Provided data:
■ ■ ■

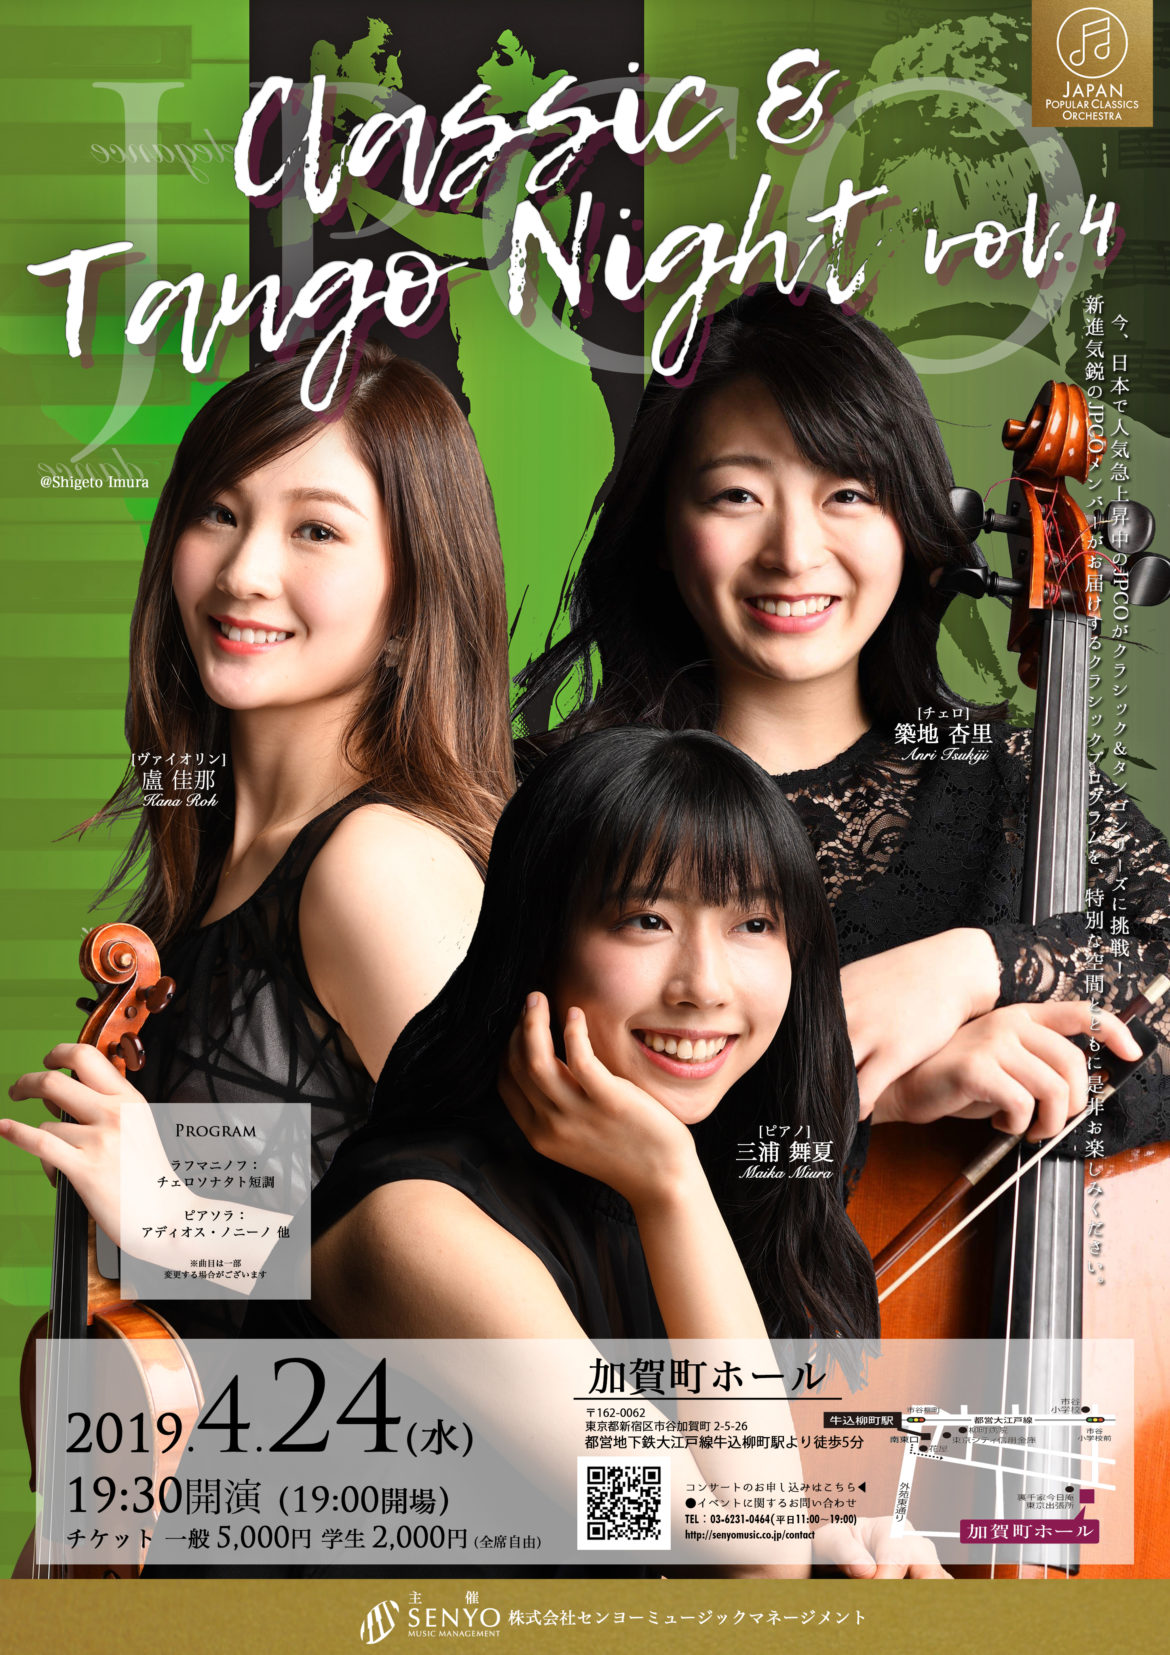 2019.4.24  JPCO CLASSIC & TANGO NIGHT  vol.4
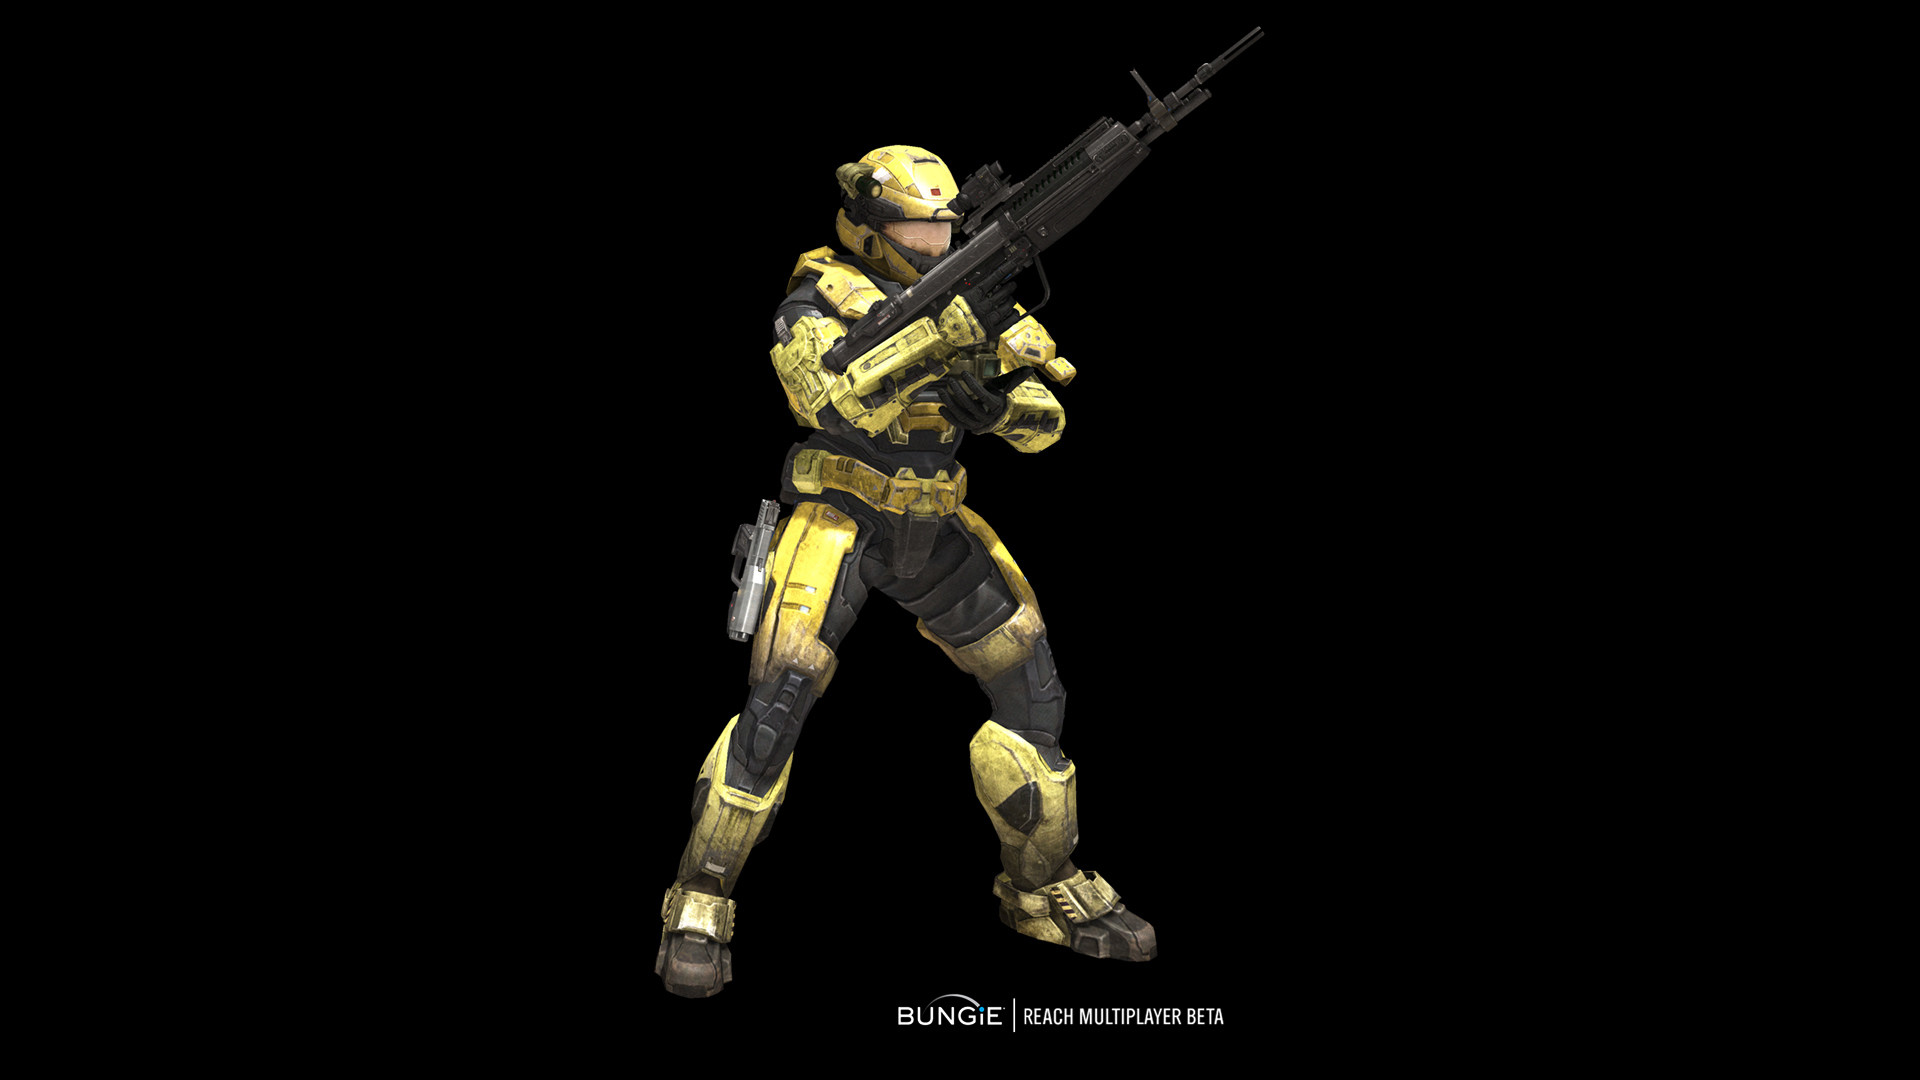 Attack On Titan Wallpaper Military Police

■ ■ ■

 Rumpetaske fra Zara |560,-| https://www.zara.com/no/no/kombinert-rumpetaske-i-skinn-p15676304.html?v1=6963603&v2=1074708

■ ■ ■

Task brief: From the records above, transcribe only the stretch from the line with "JPCO CLASSIC &" through the line with "Attack On Titan Wallpaper Military Police", keeping both ends. Omit pictures.

Solved exercise:
 2019.4.24  JPCO CLASSIC & TANGO NIGHT  vol.4
 Attack On Titan Wallpaper Military Police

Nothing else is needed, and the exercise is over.